In the next week our constituents will be receiving a copy of The Wexner Foundation's just released More than Managing: The Relentless Pursuit of Jewish Leadership, published by Jewish Lights, an imprint of Turner Publishing.  This book of essays, written by a sampling of alumni, faculty and friends of our programs, was curated and edited by longtime friend and faculty member Rabbi Dr. Lawrence Hoffman.  This article serves as an introduction to the book.  We hope you will enjoy the book, use it and share its wisdom with others.  If you are inspired, we encourage you to buy a copy for a friend or colleague. 

It is actually possible not just to be part of history but to make history happen.  That, indeed, is the Jewish mandate in a nutshell (“partners with God in creation,” tikkun olam, and so forth); and if you are reading this article, you surely take that mandate seriously.  Why, I ask myself, do I insist on remaining so deeply involved in the Wexner vision, if not because that vision is the insistence on making history happen. 

I mean that claim with all due seriousness.  What Les Wexner gave us some thirty years ago was more than a Jewish education for adults, more than leadership training and more than just a network of friends and a life-changing experience personally.
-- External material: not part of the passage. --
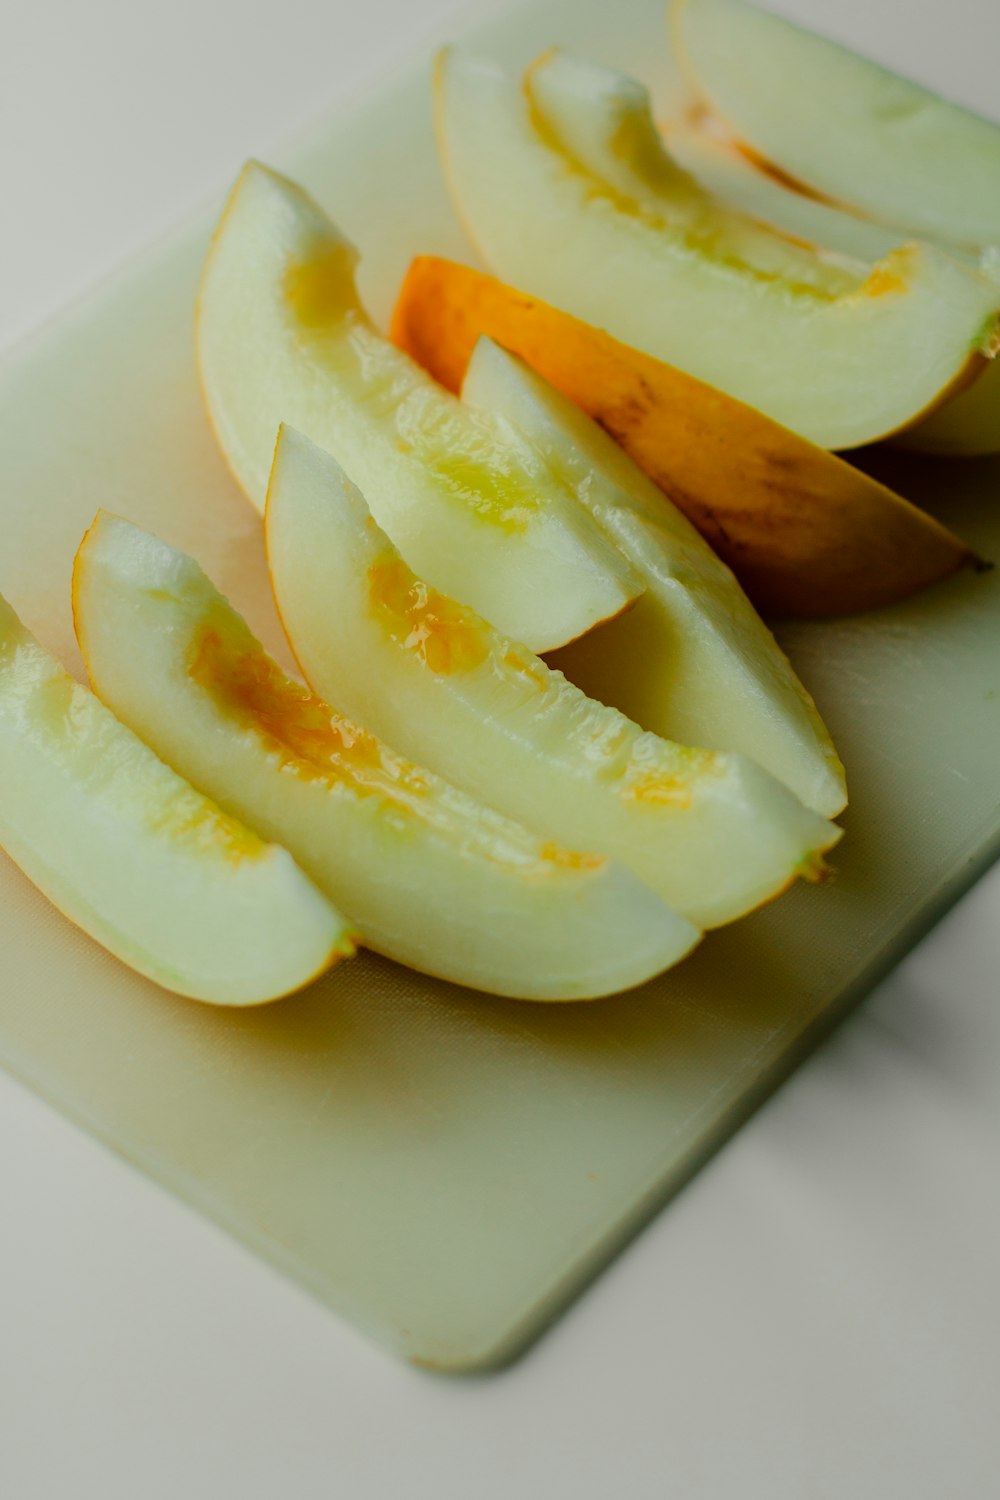 sliced apple on white ceramic plate

He offered a vision of a better community, a better country, a better world and a chance to matter by wedding our Jewish identity to the task of bringing all that betterment about.  He then created a foundation to make that vision a reality. 

Just last year, some 1,500 of us attended a gala celebration of the Foundation’s anniversary, to say “Thank you.”  But even as we celebrated the past, we looked to the future and to launch it, we present More Than Managing — a set of short but representative essays from the entire gamut of the Wexner experiment thus far.  Read it as a manifesto for the future: an announcement that we can be the makers of a better human destiny. 

Jewish organizational life is awash with publications on organizational change and effective leadership, but from mutually exclusive sources: Business and Organizational Studies, on one hand, and Jewish Studies on the other.  The former addresses leadership, but not the religious soul.  The latter speak from their Jewish soul, but are only secondarily engaged in the academic study of leadership.  More than Managing combines the two — and it does so with accessibility as its guiding principle.  Essays are short and to the point; carefully edited to provide impact and understanding.

It is, therefore, a unique contribution to the literature on leadership for our time: whether in Israel or in North America — and, for that matter, everywhere else that Jews seek to combine the wisdom of Jewish tradition with insights on leadership in general.  From North America, we get titles like, “The Quietly Insistent Jewish Entrepreneur,” “Moral Leadership in Jewish Day Schools” and “Model-Driven or Market Driven: A Lesson From Birthright Israel”; Israeli authors write about “Battling Corruption in a Diverse  Democracy,” “The Enduring Leadership of Ben Gurion” and “Gender in the IDF: Promoting Women in a Male Organization.”  More general topics include, “Three Eras of Jewish History and Their Leaders” “The Moral Mandate of Community,” “First Plant the Sapling: Beyond Messianic Leadership” and “Purpose, People and Principle: Leadership for the Unnatural Leader.”  Leslie Wexner himself weighs in with concluding thoughts on how a business genius, an ardent humanitarian and a committed Jew sees business and religion working in happy collaboration toward a better world for all. 

Let me speak personally (I do, after all, know so many of you: I was privileged to have many of you in my classes).  I have written and edited more than 40 books by now. But this one stands out, for the breadth of its scope and the depth of its contributors. My own teachers are there — people like Rabbi "Yitz" Greenberg, who pioneered the field of Jewish education for laypeople so many years ago.  Then too, I had never before worked so closely with such a diversity of experts: internationally renowned professors of leadership and business, largely at Harvard’s Kennedy School; up-and-coming Israelis who studied here as Wexner Fellows and now lead change in Israel’s complex democracy; Wexner’s Judaic faculty from around the globe; and graduates of its programs who have much to say about realizing the vision in their own remarkable ways. 

History happens all the time, but some eras are ripe for more trenchant and far-reaching change; it takes no great genius to see that ours is such a time.  Jews need not be objects of history (all too often its victims); we can be history’s molders, its visionaries and its makers.  I treasure the Wexner vision because I want nothing less. I am sure you do too.  I am proud to offer this book as an invitation to the future.

Rabbi Lawrence A. Hoffman, PhD, has served for more than three decades as professor of liturgy at Hebrew Union College–Jewish Institute of Religion in New York.  He is a world-renowned liturgist and holder of the Stephen and Barbara Friedman Chair in Liturgy, Worship and Ritual.  
His work combines research in Jewish ritual, worship and spirituality with a passion for the spiritual renewal of contemporary Judaism.  Rabbi Hoffman co-founded and developed Synagogue 2/3000, a transdenominational project designed to envision and implement the ideal synagogue of the spirit for the twenty-first century.